At 0910 GMT, the FTSE 100 was down 0.1% at 7,853.65.

Figures released earlier by the Office for National Statistics showed that regular pay, excluding bonuses, was up 6.4% on an annual basis. Excluding the Covid pandemic, this marks the biggest jump since records began in 2001.

Adjusted for inflation, however, wages were down 2.6%.

The figures also showed that the unemployment rate ticked up to 3.7% in the three months to November, from 3.5% in the previous quarter.

In addition, the number of job vacancies declined by 75,000 in October to December versus the previous three months.

Ashley Webb, UK economist at Capital Economics, said: “Consistent with the economy proving to be more resilient than expected, November’s labour market data show that conditions remain tight and wage growth stayed strong.

“This will only add further weight to the case for the Bank of England to raise interest rates from 3.50% now, perhaps to 4.50% in the coming months.”

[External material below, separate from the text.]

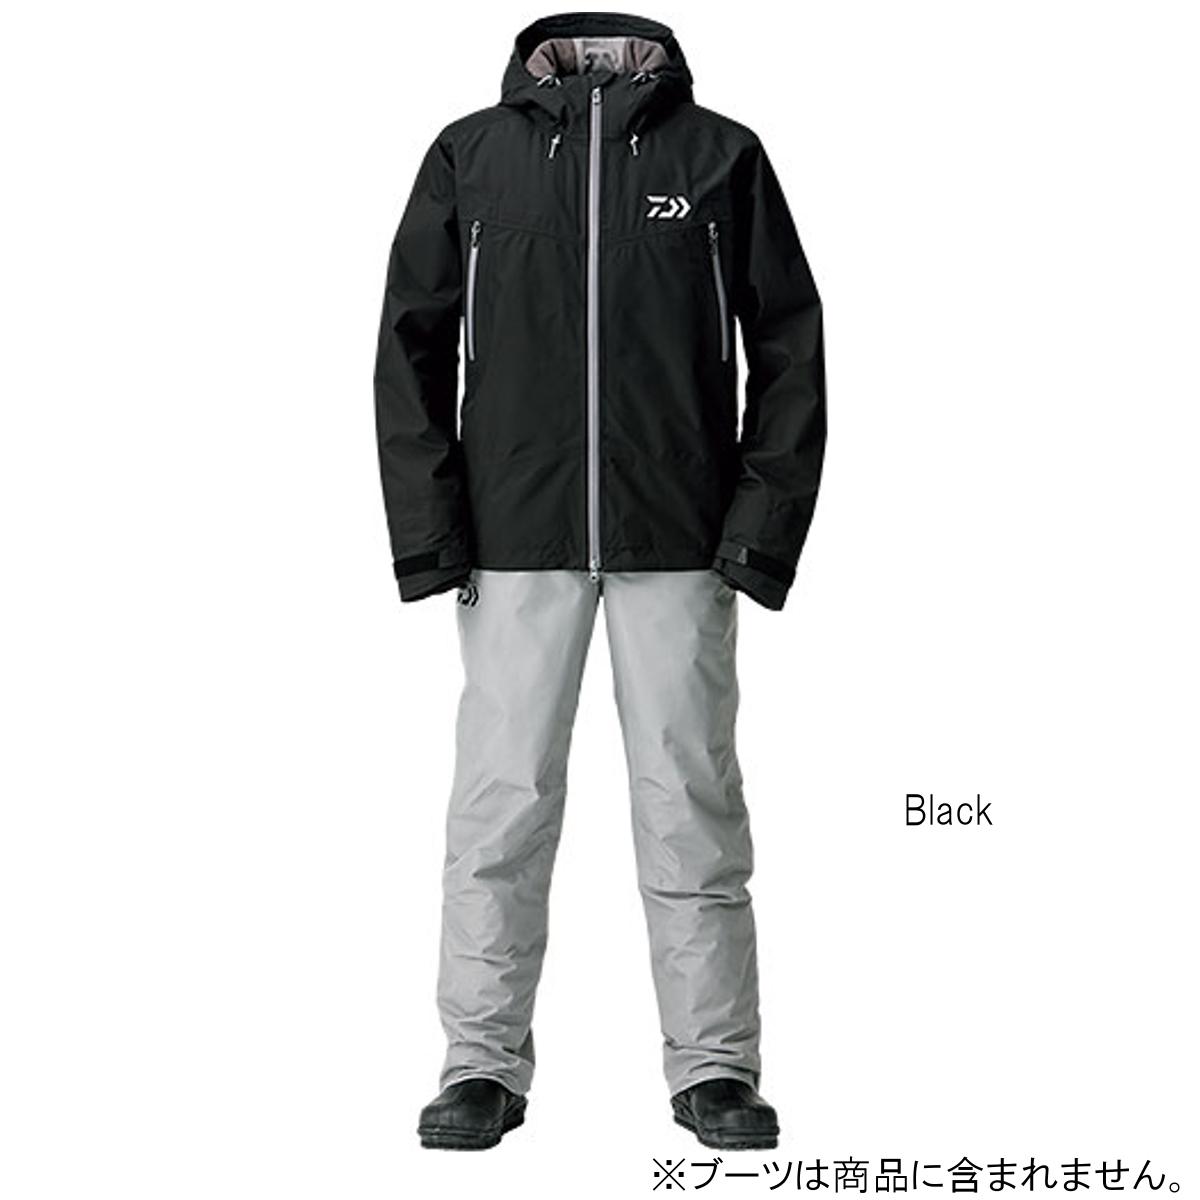 ダイワ ゴアテックス ファブリクス ウィンタースーツ DW-1908 XL Black(東日本店)

Also weighing on the mood was the release of data showing that China’s economy slowed in 2022 to one of its worst levels in nearly 50 years.

In equity markets, Ocado was the worst performer on the FTSE 100 after it said that fourth-quarter sales at Ocado Retail – its 50:50 joint venture with Marks & Spencer – were more or less flat as customers shopped less and bought fewer items.

Retail revenues nudged up just 0.3% versus the same quarter a year earlier, coming in below the company’s guidance for mid-single digit sales growth.

Quilter slid after a downgrade to ‘underweight’ at JPMorgan, while credit-checking firm Experian fell despite reporting a jump in third-quarter revenues.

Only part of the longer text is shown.